Насыр, обдирая толстую саксауловую палку, кивнул Нурдаулету:
– Что, брат, истомился по Корыму? Помню о твоей просьбе, не забыл. Потерпи еще денек, закончу оразу – и поедем. Еще бы и погода нам была, а, как думаешь? Печет жутко – вот уже месяц без продыху. Если и дальше будет так – начнутся в песках пожары…

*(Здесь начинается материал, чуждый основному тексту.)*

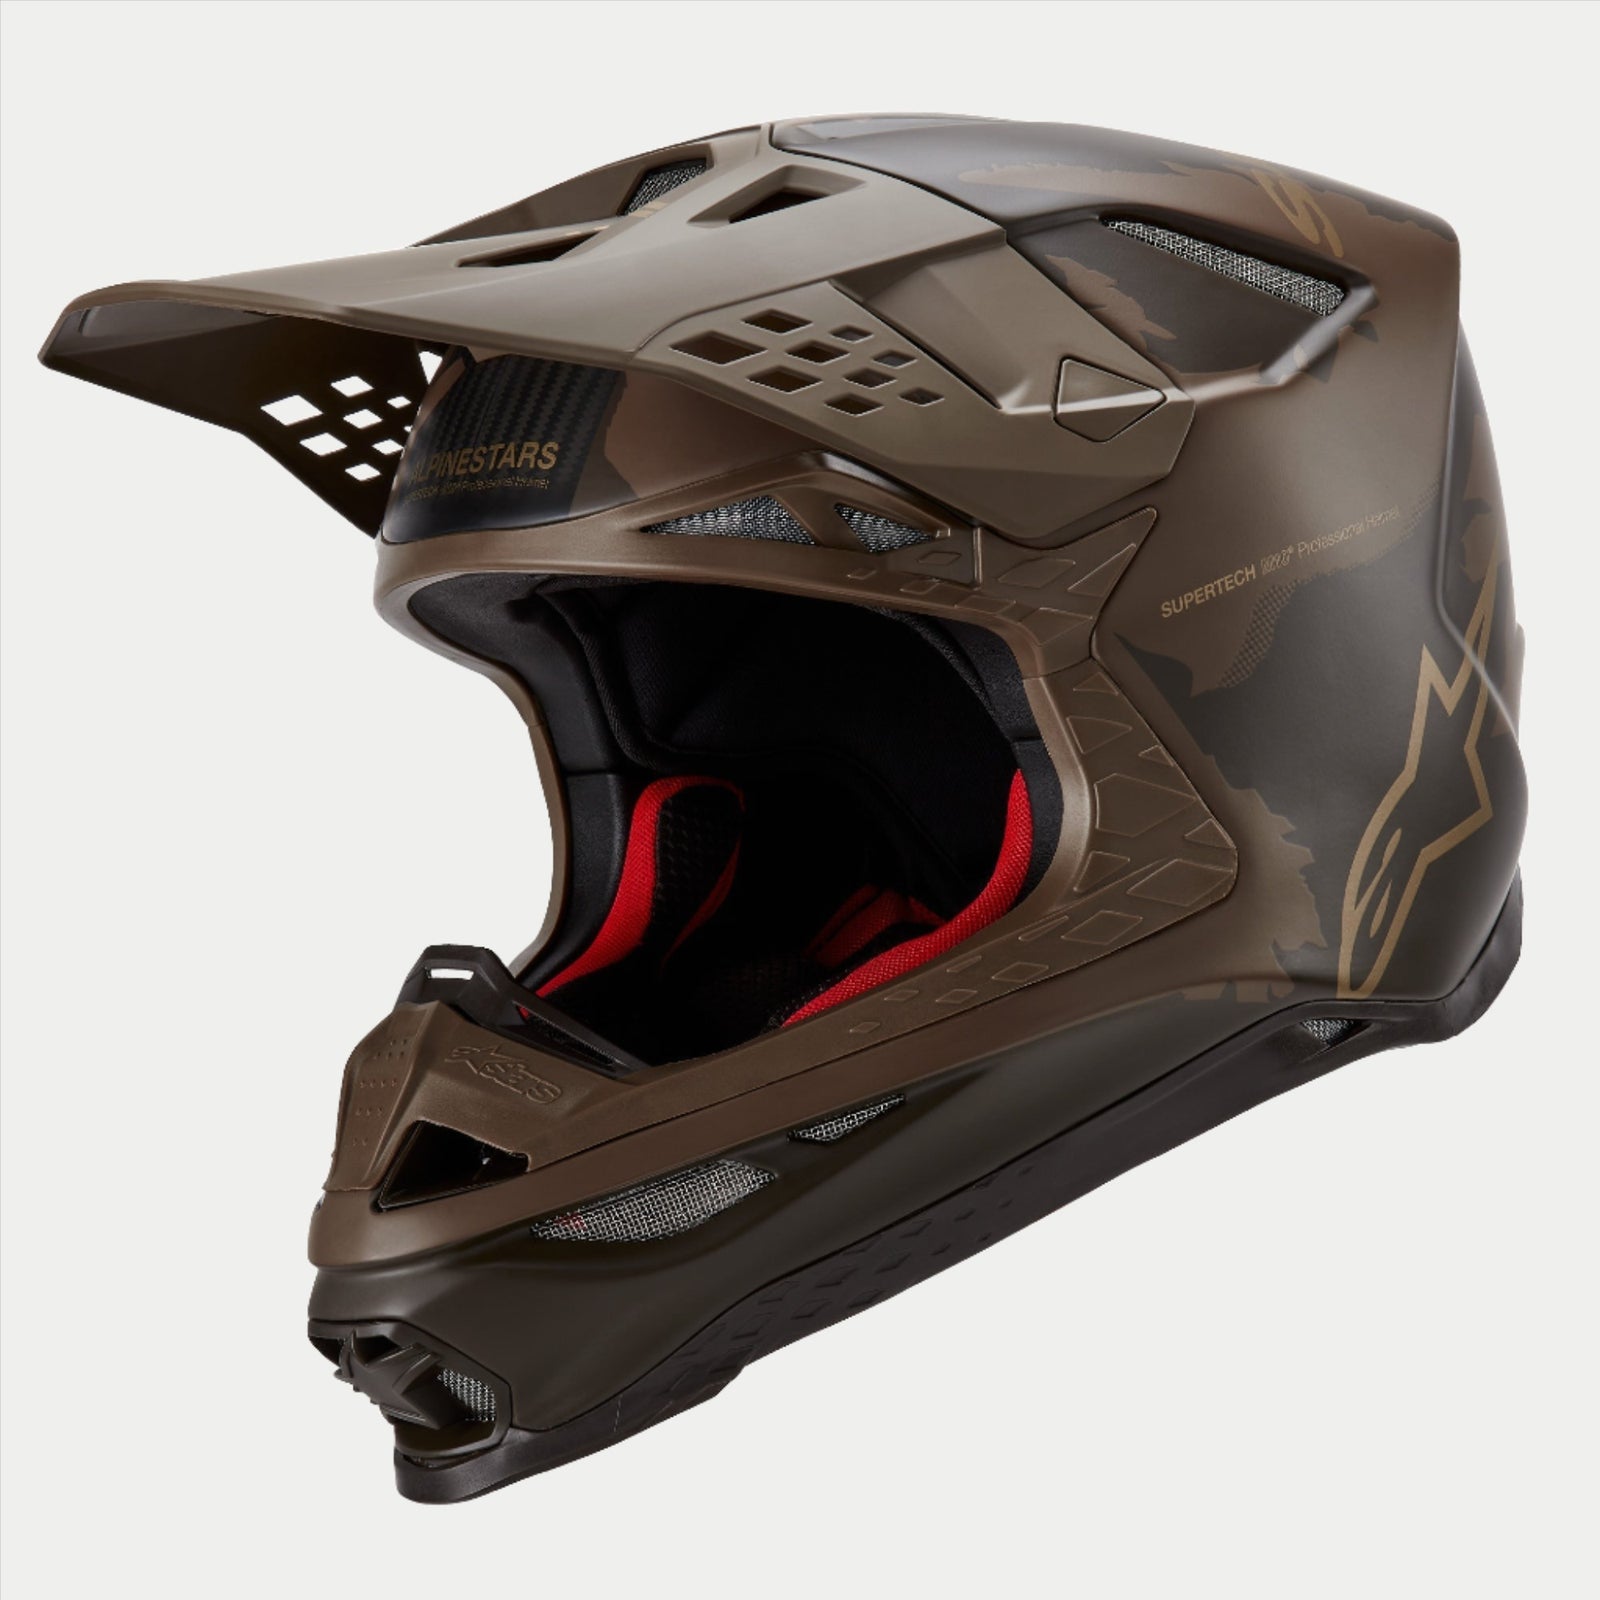 Limited Edition Supertech M10 Squad 23 Helmet

Нурдаулет ничего не ответил, лишь посмотрел в окно, за которым лежал белесый раскаленный песок. О чем он думал? Лицо его, с тех пор как он вернулся с далекого острова Валаам, загорело, было почти что коричневым. Густые брови нависали над глазами, так что его лицо казалось даже суровым. Нурдаулет по возвращении жил поочередно то у Мусы, то у Насыра, так что немало хлопот досталось Корлан. Жаныл и Корлан не раз наведывались к Кызбале, заводили разговоры про Нурдаулета, но все оказывалось тщетным – невменяемость Кызбалы была необратимой. Наконец однажды Нурдаулет попросил Насыра и Мусу «Отвезите меня к ней. Поживем вместе. Как знать, попривыкнет – глядишь, и вспомнит… Эх, Насыр-ага, знал бы ты, как я надеюсь! Хоть бы, одним словом с ней перекинуться в этой жизни!..»
– Поедем на Корым, – продолжал разговор Насыр. – Я ведь и Акбалака туда в свое время возил. Никак не мог умереть Акбалак, не побывав на нем…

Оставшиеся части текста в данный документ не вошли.